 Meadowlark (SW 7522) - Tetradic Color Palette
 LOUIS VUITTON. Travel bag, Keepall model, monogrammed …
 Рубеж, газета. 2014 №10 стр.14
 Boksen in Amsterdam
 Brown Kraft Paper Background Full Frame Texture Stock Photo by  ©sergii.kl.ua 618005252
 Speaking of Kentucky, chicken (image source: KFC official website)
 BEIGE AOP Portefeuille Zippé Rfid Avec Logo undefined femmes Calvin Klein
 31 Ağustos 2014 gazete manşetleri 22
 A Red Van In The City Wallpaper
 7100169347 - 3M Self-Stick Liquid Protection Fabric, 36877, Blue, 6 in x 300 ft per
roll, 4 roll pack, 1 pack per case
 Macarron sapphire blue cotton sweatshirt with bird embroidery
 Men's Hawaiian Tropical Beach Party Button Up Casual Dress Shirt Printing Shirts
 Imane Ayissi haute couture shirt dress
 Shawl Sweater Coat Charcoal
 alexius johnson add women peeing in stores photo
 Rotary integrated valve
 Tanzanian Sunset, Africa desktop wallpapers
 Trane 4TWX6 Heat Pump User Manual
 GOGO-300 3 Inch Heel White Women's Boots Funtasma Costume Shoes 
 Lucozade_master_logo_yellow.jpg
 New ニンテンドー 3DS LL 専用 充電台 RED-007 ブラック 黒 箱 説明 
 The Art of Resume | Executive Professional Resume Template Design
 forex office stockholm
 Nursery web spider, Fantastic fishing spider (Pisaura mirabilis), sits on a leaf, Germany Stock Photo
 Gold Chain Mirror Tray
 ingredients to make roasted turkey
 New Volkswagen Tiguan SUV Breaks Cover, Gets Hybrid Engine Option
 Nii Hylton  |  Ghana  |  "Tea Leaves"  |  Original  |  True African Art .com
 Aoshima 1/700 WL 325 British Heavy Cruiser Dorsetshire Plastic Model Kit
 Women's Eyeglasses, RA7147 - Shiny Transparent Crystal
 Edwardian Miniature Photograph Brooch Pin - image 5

..............................

**Task item:**
Repeat exactly the lines from the one containing "31 Ağustos 2014 gazete manşetleri 22" to the end of the records.

**Answer box:**
 31 Ağustos 2014 gazete manşetleri 22
 A Red Van In The City Wallpaper
 7100169347 - 3M Self-Stick Liquid Protection Fabric, 36877, Blue, 6 in x 300 ft per
roll, 4 roll pack, 1 pack per case
 Macarron sapphire blue cotton sweatshirt with bird embroidery
 Men's Hawaiian Tropical Beach Party Button Up Casual Dress Shirt Printing Shirts
 Imane Ayissi haute couture shirt dress
 Shawl Sweater Coat Charcoal
 alexius johnson add women peeing in stores photo
 Rotary integrated valve
 Tanzanian Sunset, Africa desktop wallpapers
 Trane 4TWX6 Heat Pump User Manual
 GOGO-300 3 Inch Heel White Women's Boots Funtasma Costume Shoes 
 Lucozade_master_logo_yellow.jpg
 New ニンテンドー 3DS LL 専用 充電台 RED-007 ブラック 黒 箱 説明 
 The Art of Resume | Executive Professional Resume Template Design
 forex office stockholm
 Nursery web spider, Fantastic fishing spider (Pisaura mirabilis), sits on a leaf, Germany Stock Photo
 Gold Chain Mirror Tray
 ingredients to make roasted turkey
 New Volkswagen Tiguan SUV Breaks Cover, Gets Hybrid Engine Option
 Nii Hylton  |  Ghana  |  "Tea Leaves"  |  Original  |  True African Art .com
 Aoshima 1/700 WL 325 British Heavy Cruiser Dorsetshire Plastic Model Kit
 Women's Eyeglasses, RA7147 - Shiny Transparent Crystal
 Edwardian Miniature Photograph Brooch Pin - image 5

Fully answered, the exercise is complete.